A netcraft report highlights that both Let’s Encrypt and Comodo have been issuing thousands of domains that in some form or the other contain the words “apple”, “paypal” or “ebay” in them, and that virtually all of these domains are being used for phishing or other fraudulent activities.

Netcraft provides a metric called “Deceptive Domain Score“, and uses the opportunity to promote this service of theirs, requesting that certificate authorities implement a similar service.

In each of these examples above — and in the other statistics referenced above — the certificate authority had sight of the whole hostname that was blocked. These examples did not rely on wildcard certificates to carry out their deception. In particular, some of these examples (such as update.wellsfargo.com.casaecologica.cl) demonstrate that the certificate authority was better placed to prevent misuse than the domain registrar (who would have seen casaecologica.cl upon registration).

The two services are attractive to phishers, because they offer TLS certificates for free and through an API, with a very limited screening process. Both services are using the Safe Browsing API to check if the domain being certified does contain malware, but because it usually does not at the time the cert is being issued this is pointless. Netcraft would rather have the CAs buy their Deceptive Domain Scoring service instead.

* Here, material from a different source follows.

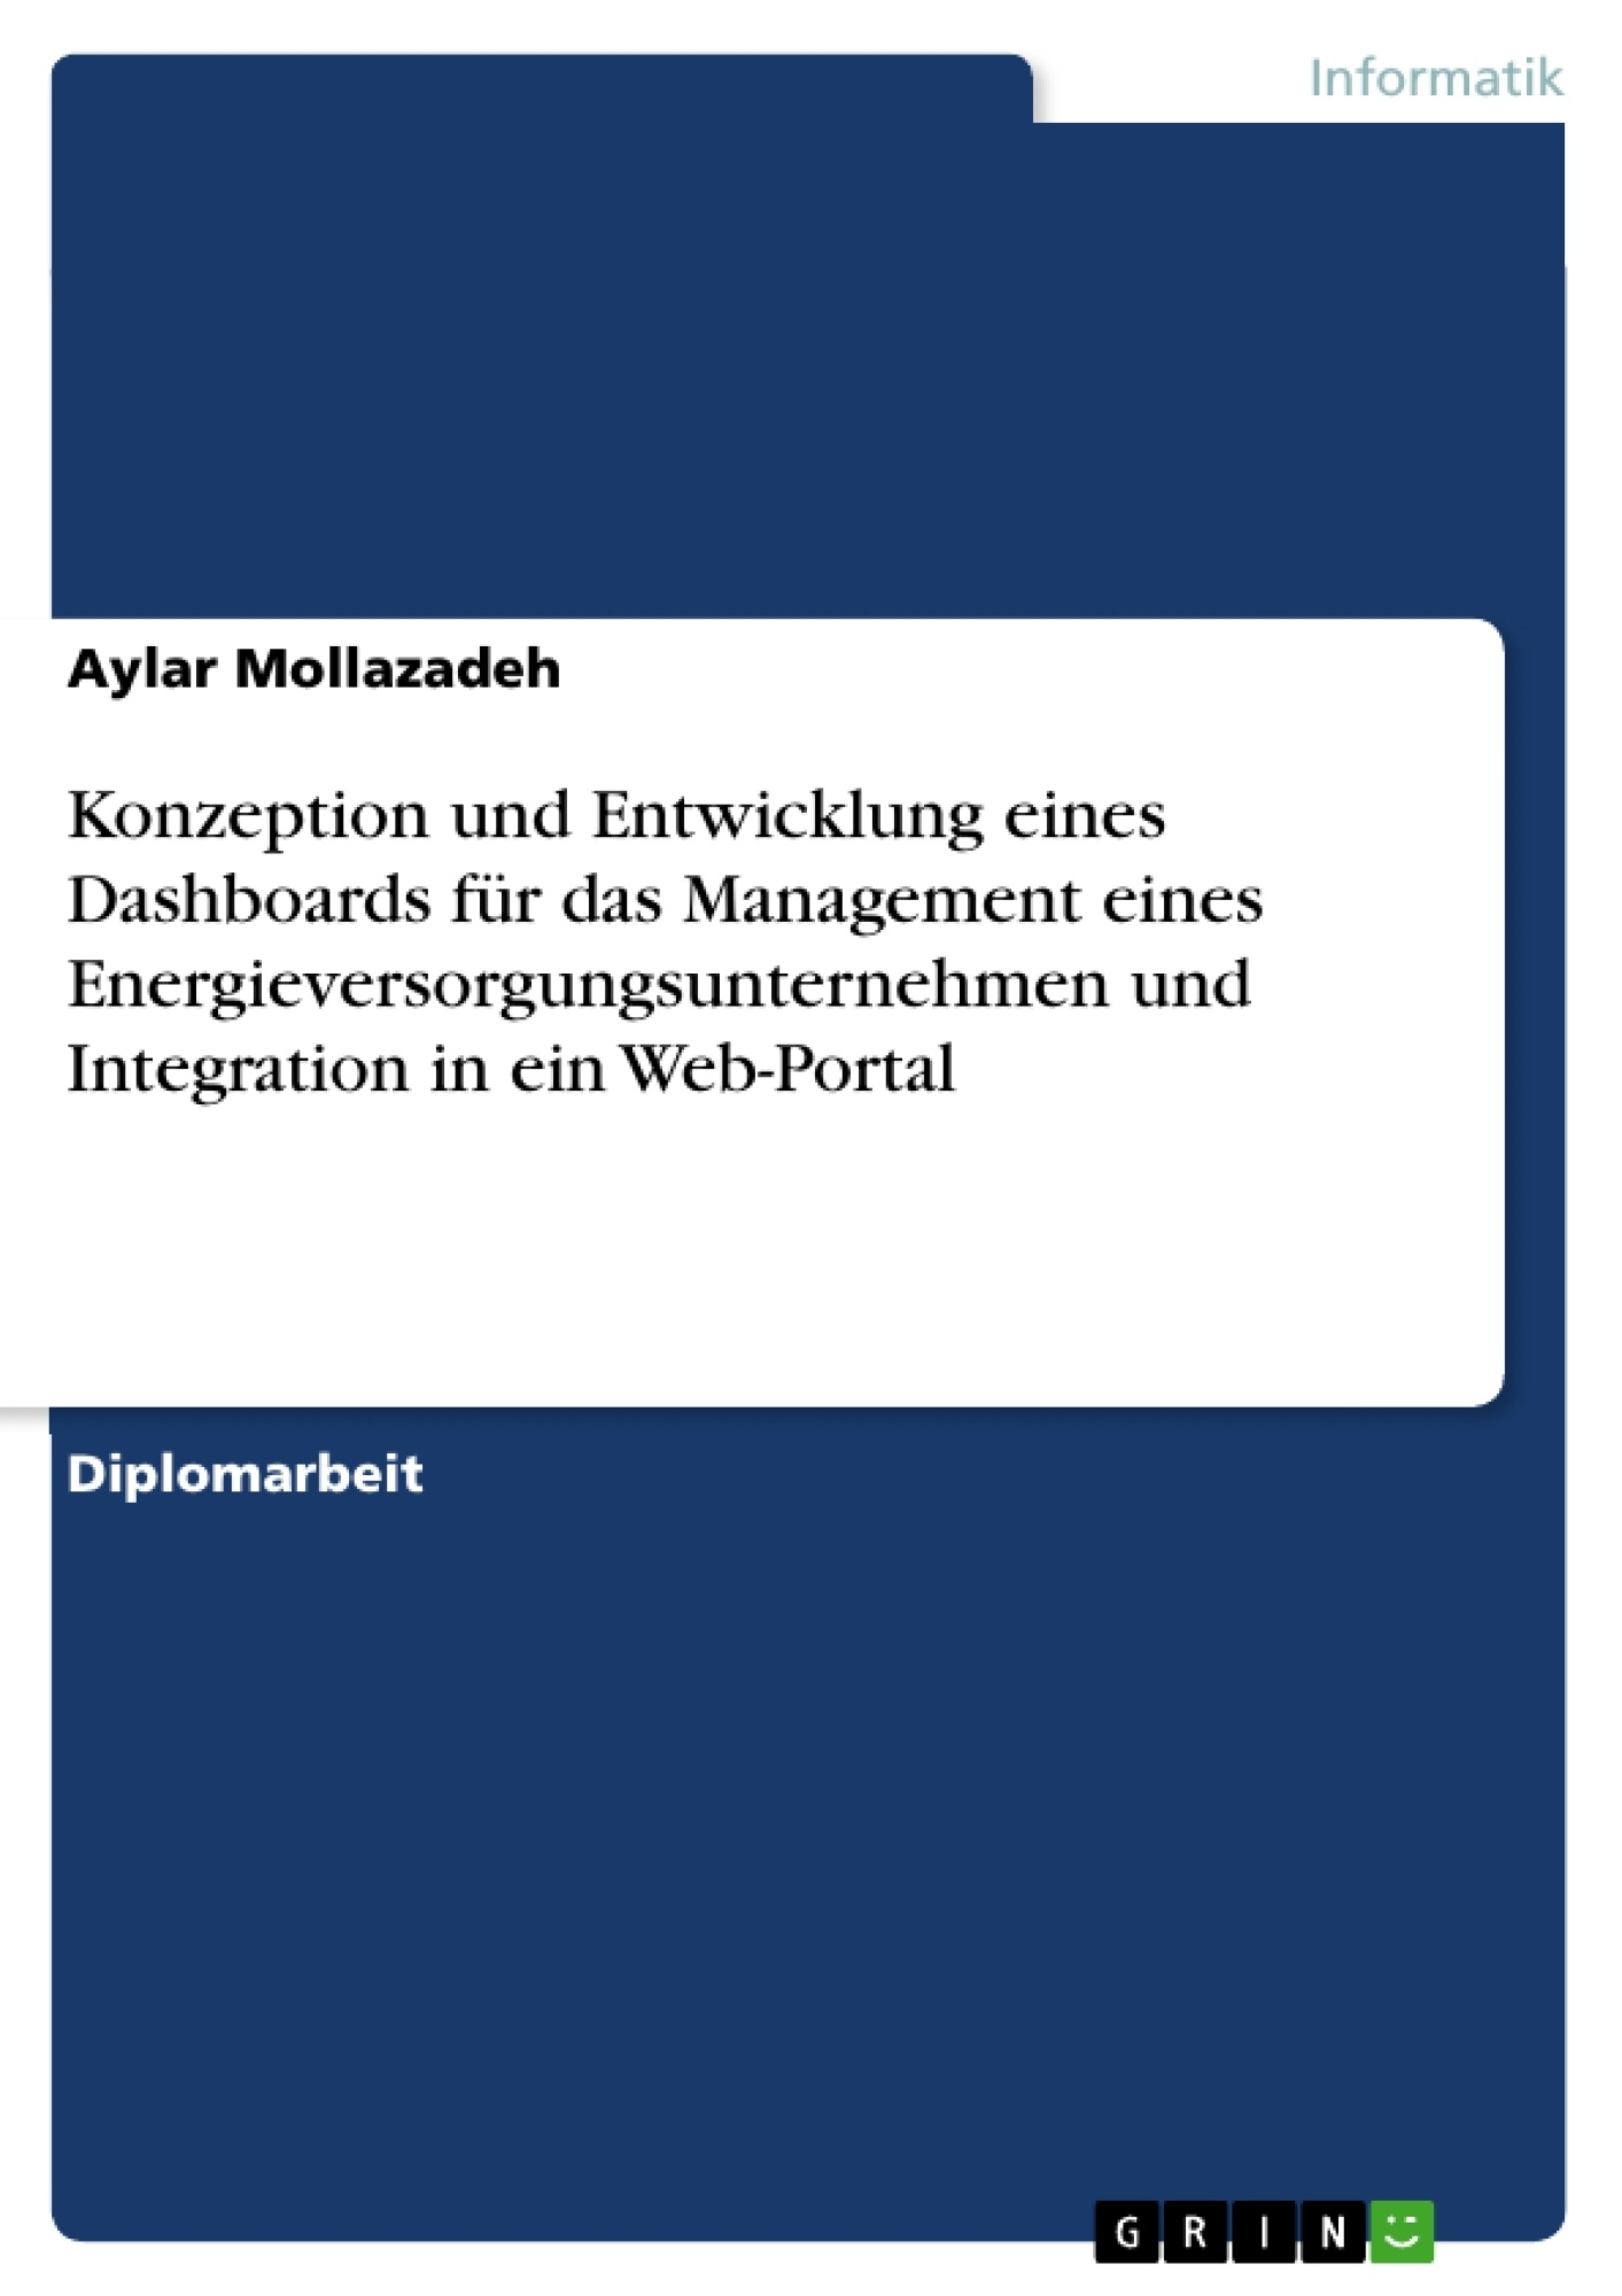 Titel: Konzeption und Entwicklung eines Dashboards für das Management eines Energieversorgungsunternehmen und Integration in ein Web-Portal

Published inHackerterrorcybercyber

6 Comments

  1. In my opinion, this check should be done on the level of domain registration services, not the TLS issuing services.

    • kris kris

      See the article. Domain registration has even less visibility than the CA. In a way, the safe-browsing API is not the wrong way to solve this. It’s just the text “secure” next to the green lock that gives the wrong message. “authenticated and encrypted” is not “secure” is not “trustworthy”.

  2. Rudolf Polzer

    “A netcraft report highlights that both Let’s Encrypt and Comodo have been issuing thousands of domains that in some form or the other contain the words “apple”, “paypal” or “ebay” in them, and that virtually all of these domains are being used for phishing or other fraudulent activities.”

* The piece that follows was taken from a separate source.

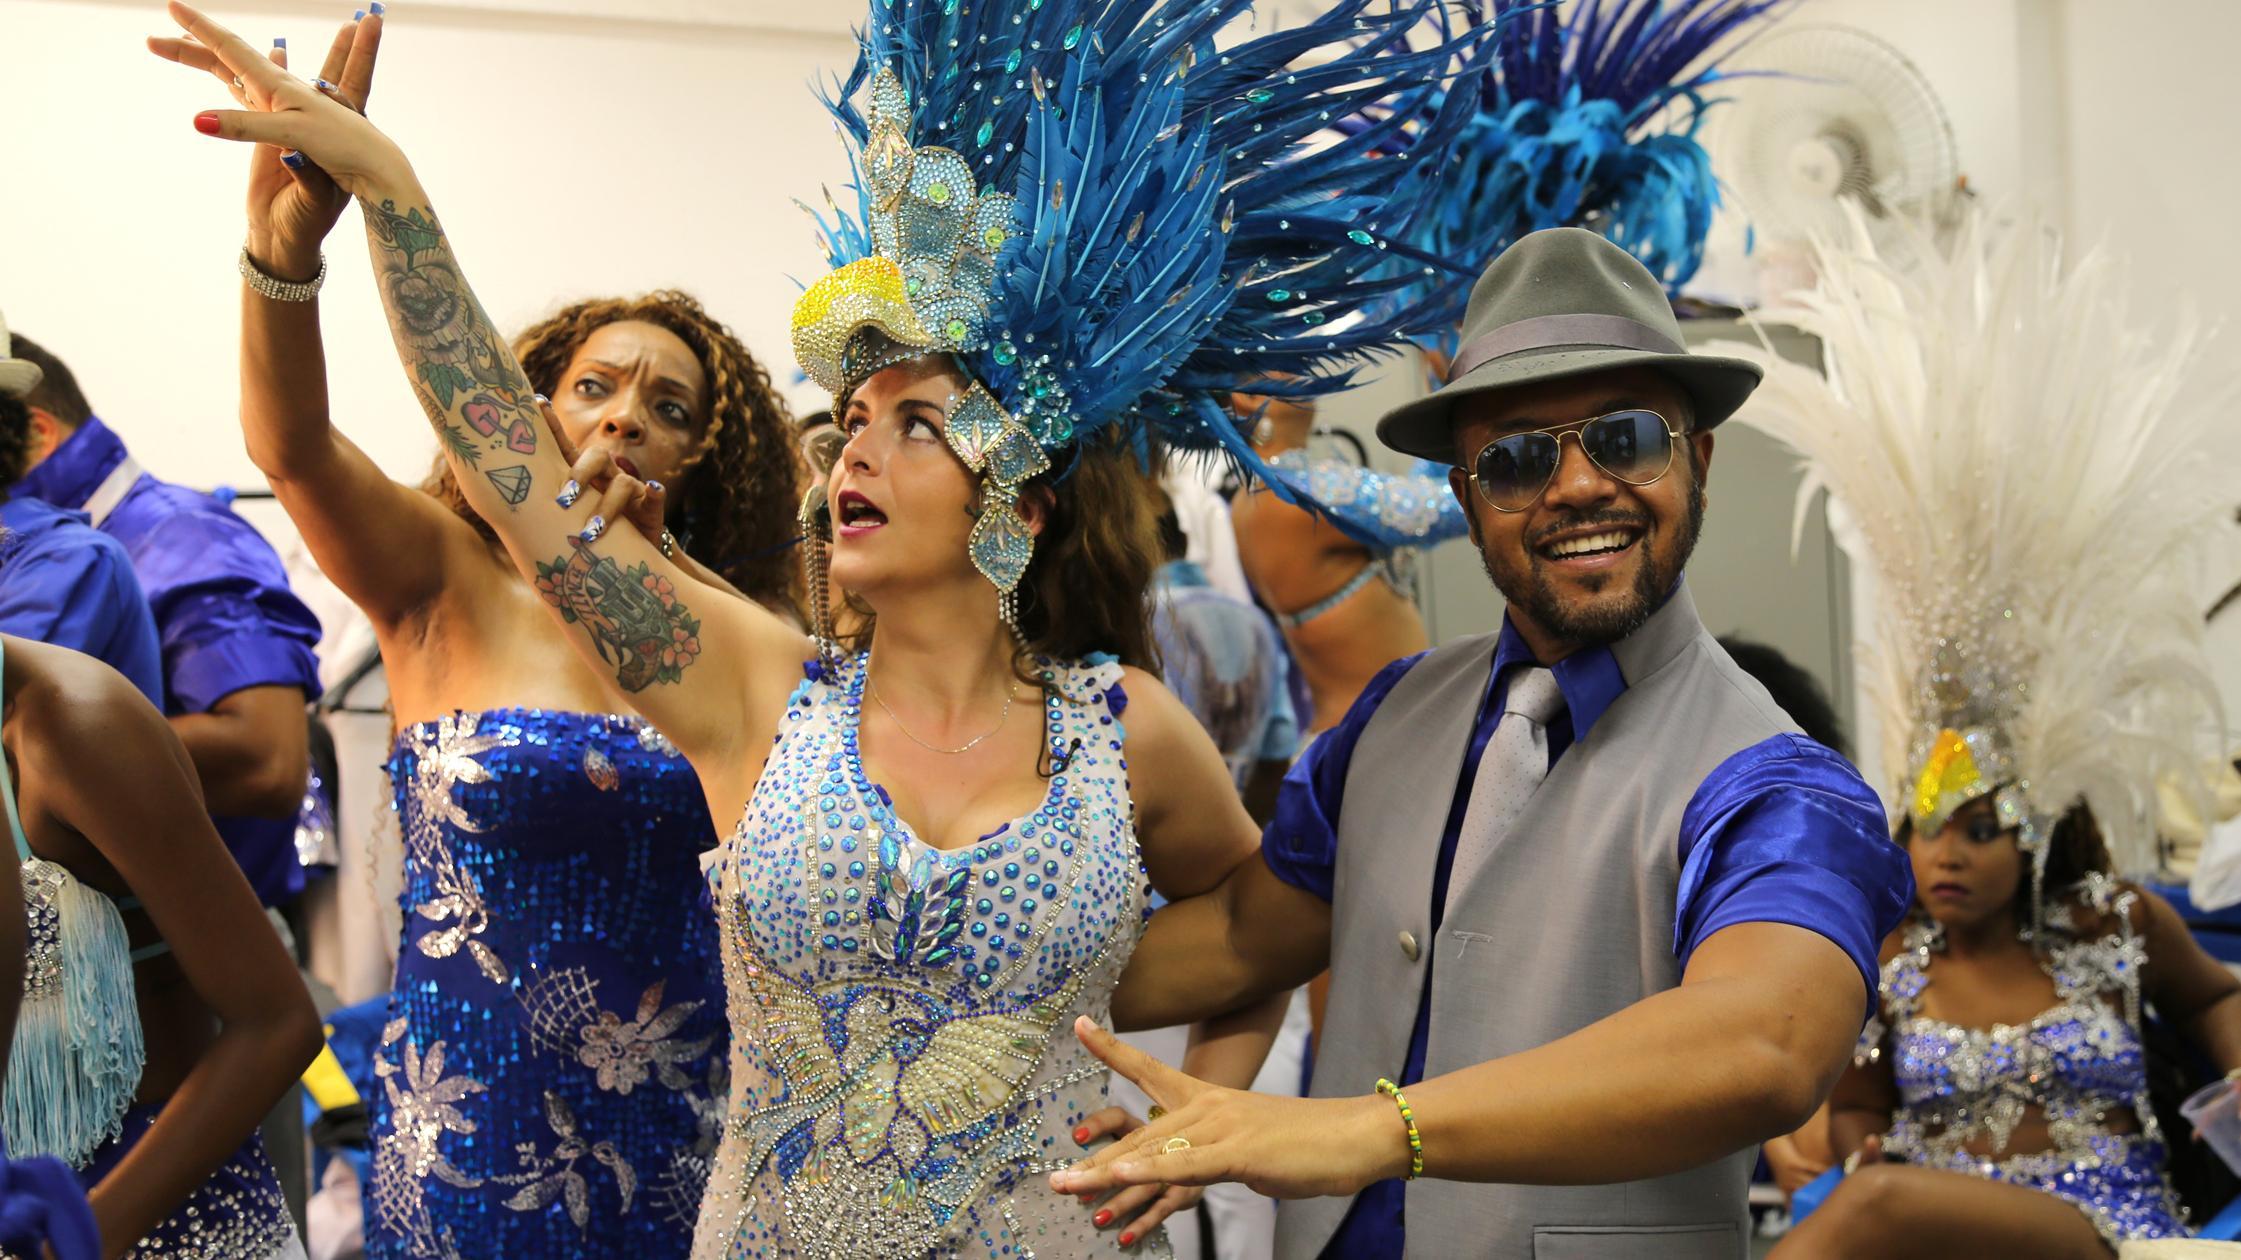 levnu fritid samba giver flot kropsholdning og staerke mavemuskler

    Such as the domain of that ebay pirate, “thepiratebay”? 🙂

    Or, Appleton Farms?

    Yes, non-EV just certifies domain ownership. Which is why it’s called DV – domain validation. If we want to push against plaintext HTTP, we must allow HTTPS with DV for everyone – and simply not consider it secure beyond “this actually is the domain you’re talking to”.

    • kris kris

      That’s not what the word “secure” shown next the green lock communicates.

      • Pascal

        Some say the lock symbol is a shopping bag. 😉

        Speaking of HTTPS: when is this blog going to support it?

        • kris kris

          When I get around to automating the LetsEncrypt stuff, and integrate it into the Ansible setup for the blog VM.